All of the eye movement analysis was carried out using Data Viewer version (SR-Research). Since all aspects of the video we were interested in moved across time, we manually coded dynamic interest areas on a frame-by-frame basis. The interest areas were locked to the target and changed location and size as the target moved (see Supplementary Videos). The face interest area consisted of an oval shape that covered the entire face. Two sub-interest areas were created that covered the eyes and the mouth. The second main interest area was the hands, which covered both of the actor’s hands as well as the objects that were being used in that particular frame, with the size of the interest area adjusted so that it also covered this object. Table 1 shows the mean sizes of the different interest areas of each of the videos. As the videos were of different duration, we only analysed the data from the first 136 s, thus ensuring that they were matched in length.

Table 1 Mean sizes (% of the surface area) of interest areas for each video. Please note that the interest area sizes varied across time. The eyes and mouth interest areas were subsets of the face area


Three main analyses were carried out that were designed to best answer the research questions and understand the differences in time spent looking at the different interest areas depending on the sound condition, viewed activity, and during periods with direct gaze. Preliminary analysis of the data showed that gender did not have a significant impact on the data, and so it was not included in the main analyses as a covariate.

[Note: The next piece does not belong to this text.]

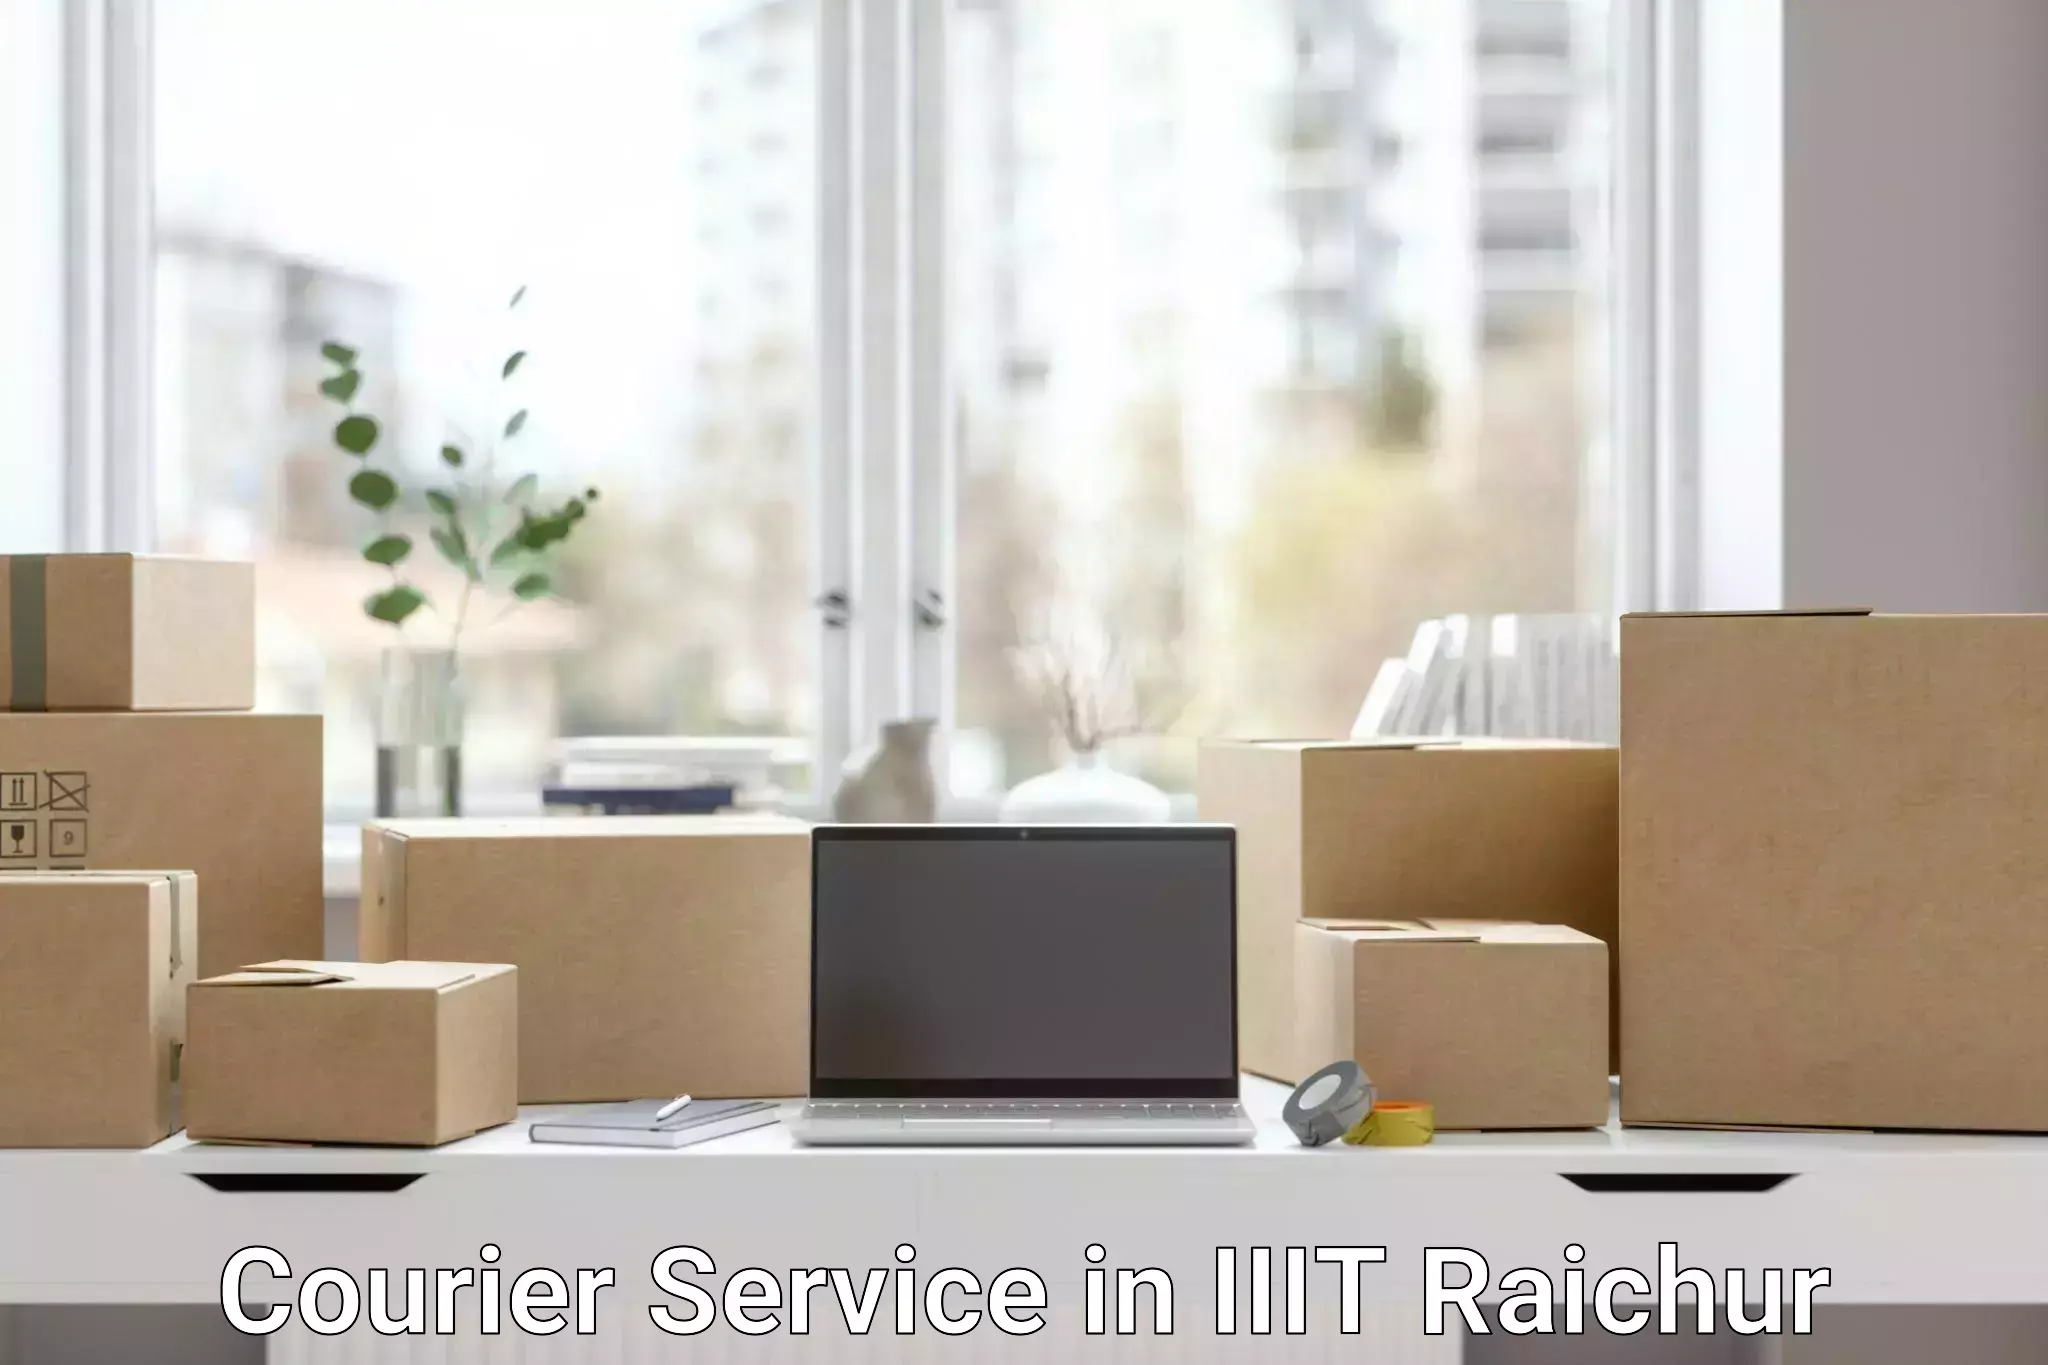 Nationwide courier service in IIIT Raichur

Effect of activity and sound on fixating on the face and hands

The first analysis looked at whether the sound and the activity influenced the degree to which participants fixated on the face as opposed to the hands. We calculated the percentage of time that participants fixated each interest area, and carried out an ANOVA with activity (monologue, manual action misdirection) and interest area (face, hands) as the within-participant variables, and sound (sound, no sound) as the between-participants variable. Figure 2 shows the mean dwell times for each of these interest areas and videos as a function of sound condition.

Fig. 2
figure 2

Mean percent dwell times for fixating the face and hands as a function of video and sound condition (error bars denote ±1 standard error)

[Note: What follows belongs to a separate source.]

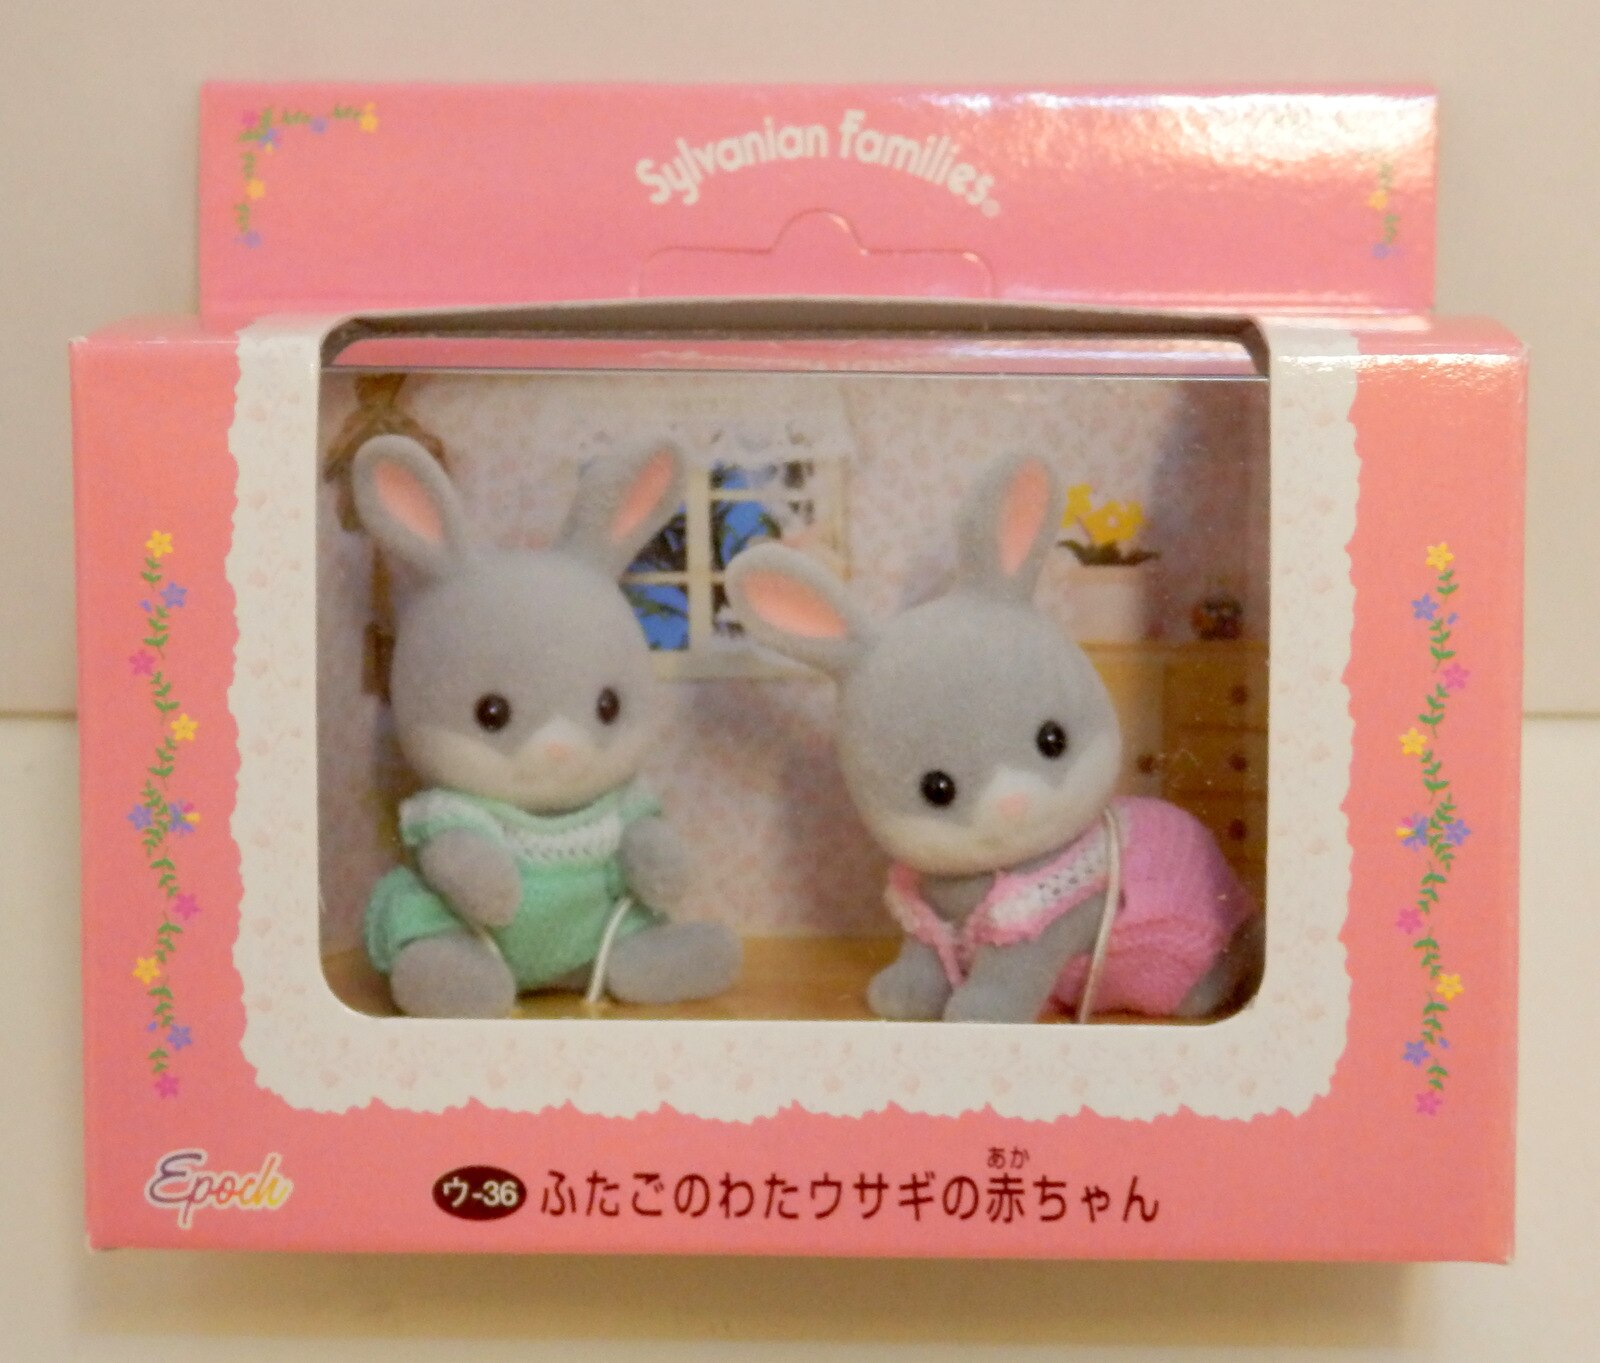 エポック社 シルバニアファミリー ピンク×花柄箱 ウ-36 ふたごのわたウサギの赤ちゃん(グレー) まんだらけ Mandarake

Our primary interest was whether the sound condition oriented participants’ eye movements to the actor’s face; our results did indeed reveal a significant audio by interest area interaction, F(1, 70) = 4.30, p = .042, η2= .11. The interaction was broken down by looking at the simple effects. As predicted, participants spent significantly more time fixating on the face with sound rather than without sound [t(70) = 1.87, p = .033 (one-tailed), d = 0.31], and vice versa for the hands [t(70) = 1.68, p = .048 (one-tailed), d= 0.28]. Whilst we feel justified in using one-tailed tests to assess the simple effect, we would like to draw attention to the fact that these effects are rather small and are no longer significant under stricter criteria. There was no significant activity by sound by interest area interaction F(2, 140) = 0.708, p = .50, η2= .01, which suggests this effect was independent of activity.

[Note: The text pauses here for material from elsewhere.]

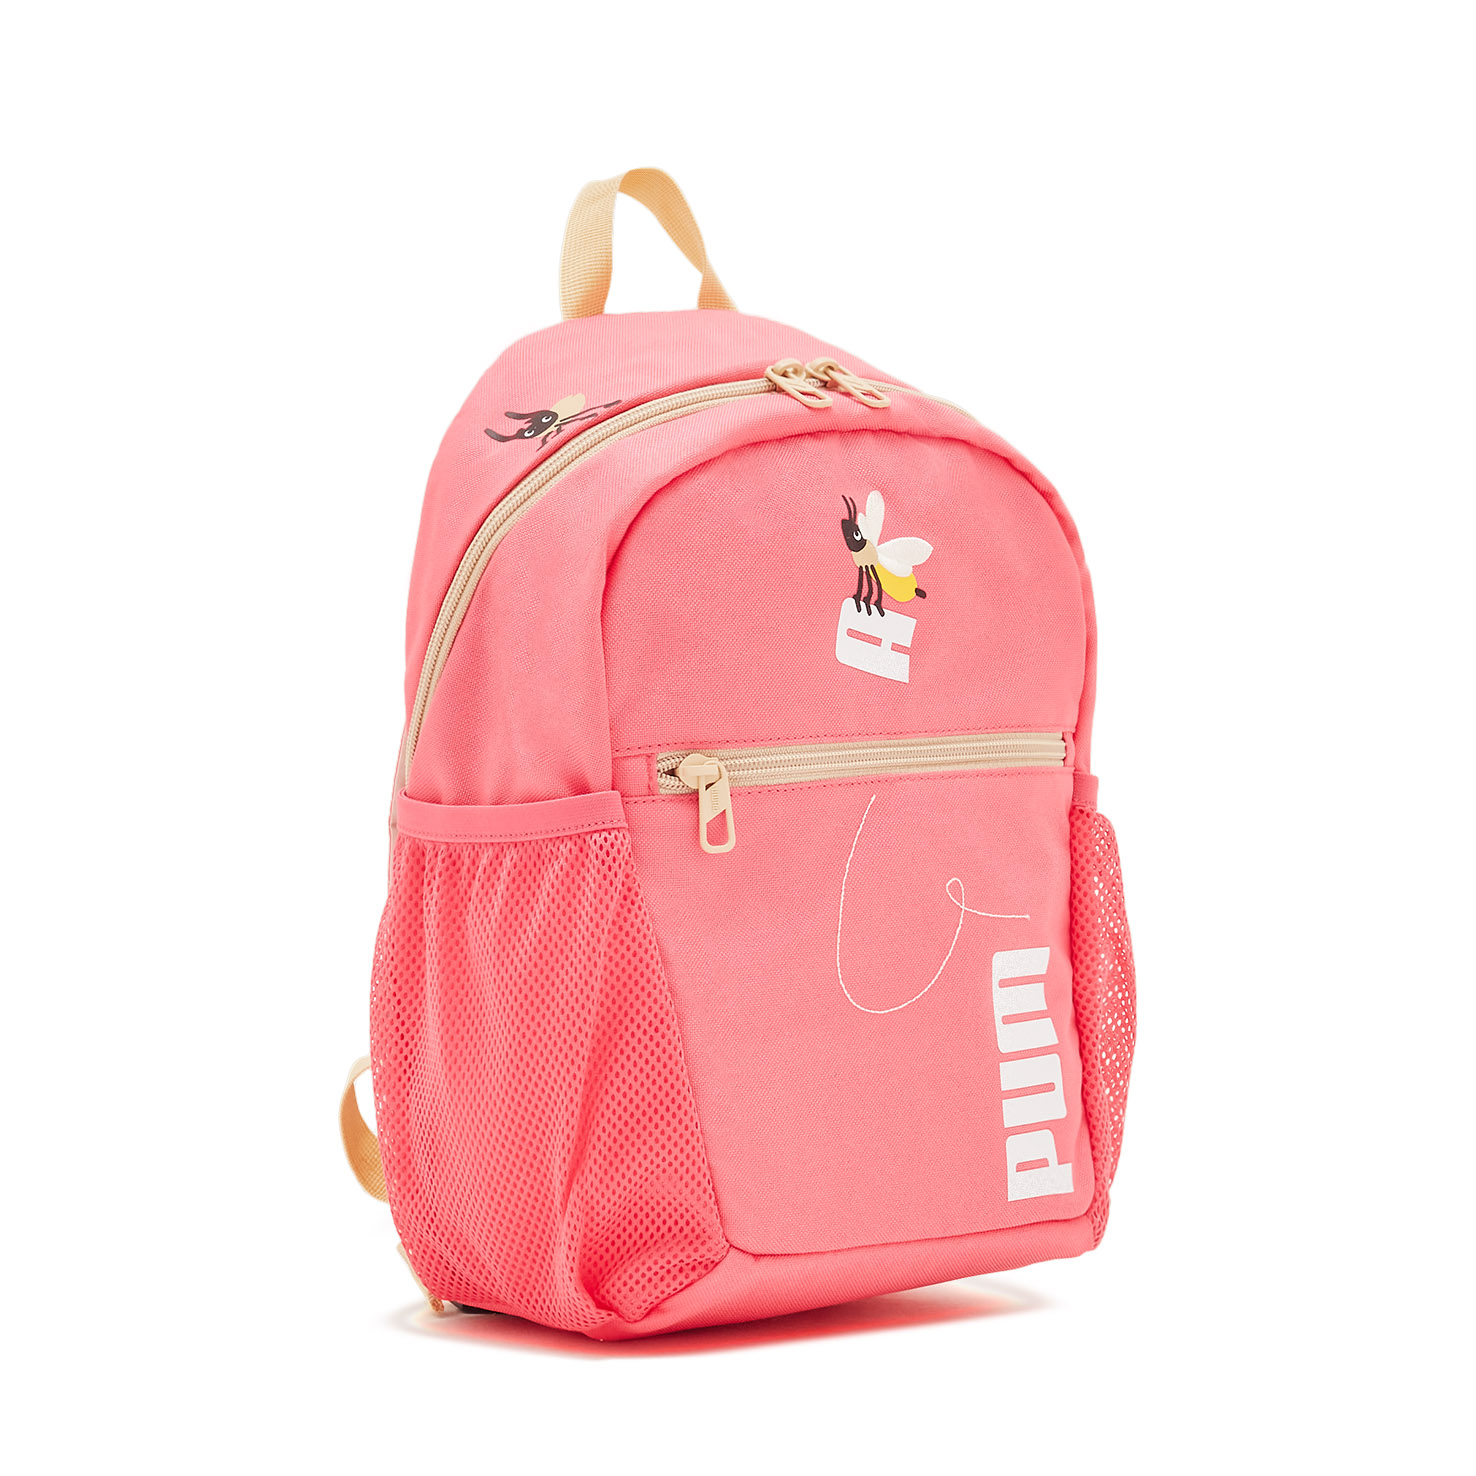 Small World Backpack PUMA, размер Один размер, цвет розовый PM079203 - фото 3

Our secondary interest was whether the actor’s activity influenced the duration to which participants fixated the face as opposed to the hands. There was a significant activity by interest area interaction F(2,140) = 652, p < .001, η2= .90, and Bonferroni corrected t-tests were applied to break down the effect. Participants spent significantly more time fixating on the face than the hands in the monologue video [t(71) = 19.3, p < .001, d = 2.28], but the opposite pattern was found in both the manual action [t(71) = 15.9, p < .001, d = 1.87] and misdirection [t(71) = 26.3, p < .001, d = 3.10]. As predicted the participants spent significantly more time looking at the hands than the face in the two videos that included informative hand movements. The ANOVA also revealed a significant main effects of activity, F(2, 140) = 16.0, p < .001, η2= .19, and interest area F(1, 70) = 8.67, p = .004, η2= .11. The main effect of sound was not significant, F(1, 34) = 0.67, p = .41, η2= .009, neither was the interaction between sound and activity, F(2, 68) = 0.71, p = .50, η2= .01. None of these main effects or interactions are particularly meaningful in light of the predictions.Footnote 1

Effect of task and sound on fixation to the eyes and mouth

The second analysis addressed whether hearing sound (mostly speech) as opposed to hearing no sound would draw people’s fixations towards the mouth rather than the eyes. For this analysis only data that fell within the eye or mouth interest areas were considered. It is clear from comparing Figs. 2 and 3, that roughly 75%Footnote 2 of the fixations on the face are captured by the eyes and mouth. A further factorial ANOVA contrasted gaze durations to the two interest areas (eyes and mouth) by activity (monologue, manual action, misdirection) and sound condition (sound or no sound). There was a significant interest area by sound interaction, F(2, 140) = 3.99, p = .05, η2= .054. Contrary to our prediction (that sound would increase gaze to the mouth), Bonferroni corrected post-hoc comparisons showed that participants spent significantly more time fixating the eyes when there was sound than with no sound [t(70) = 2.70, p = .009, d = 0.64], but the difference between the sound conditions was not significant for the mouth t(70) = 0.52, p = .60, d = 0.13]. Hearing the corresponding sound influenced the amount of time that was spent fixating the eyes but not the mouth.

Fig. 3
figure 3

Mean percent dwell times for fixating the eyes and mouth as a function of activity and sound condition (error bars denote ±1 standard error). These interest areas are subsets of the earlier analysed face interest area

There was no significant interest area by sound by activity interaction F(2, 140) = 1.01, p = .37, η2= .014. There was a significant main effect of sound, F(1, 70) = 6.28, p = .015, η2= .082, but not a significant main effect of interest area F(1, 70) = 0.966, p = .80, η2= .001, or interest area by activity interaction F(2,140) = 2.42, p = .092 η2= .033. There was a significant sound by activity interaction F(2,140) = 6.33, p = .002, η2= .083, and a significant main effect of activity, F(2,140) = 215, p < .001, η2= .76, but no significant interest area by activity interaction F(2,140) = 2.42, p = .092, η2= .033.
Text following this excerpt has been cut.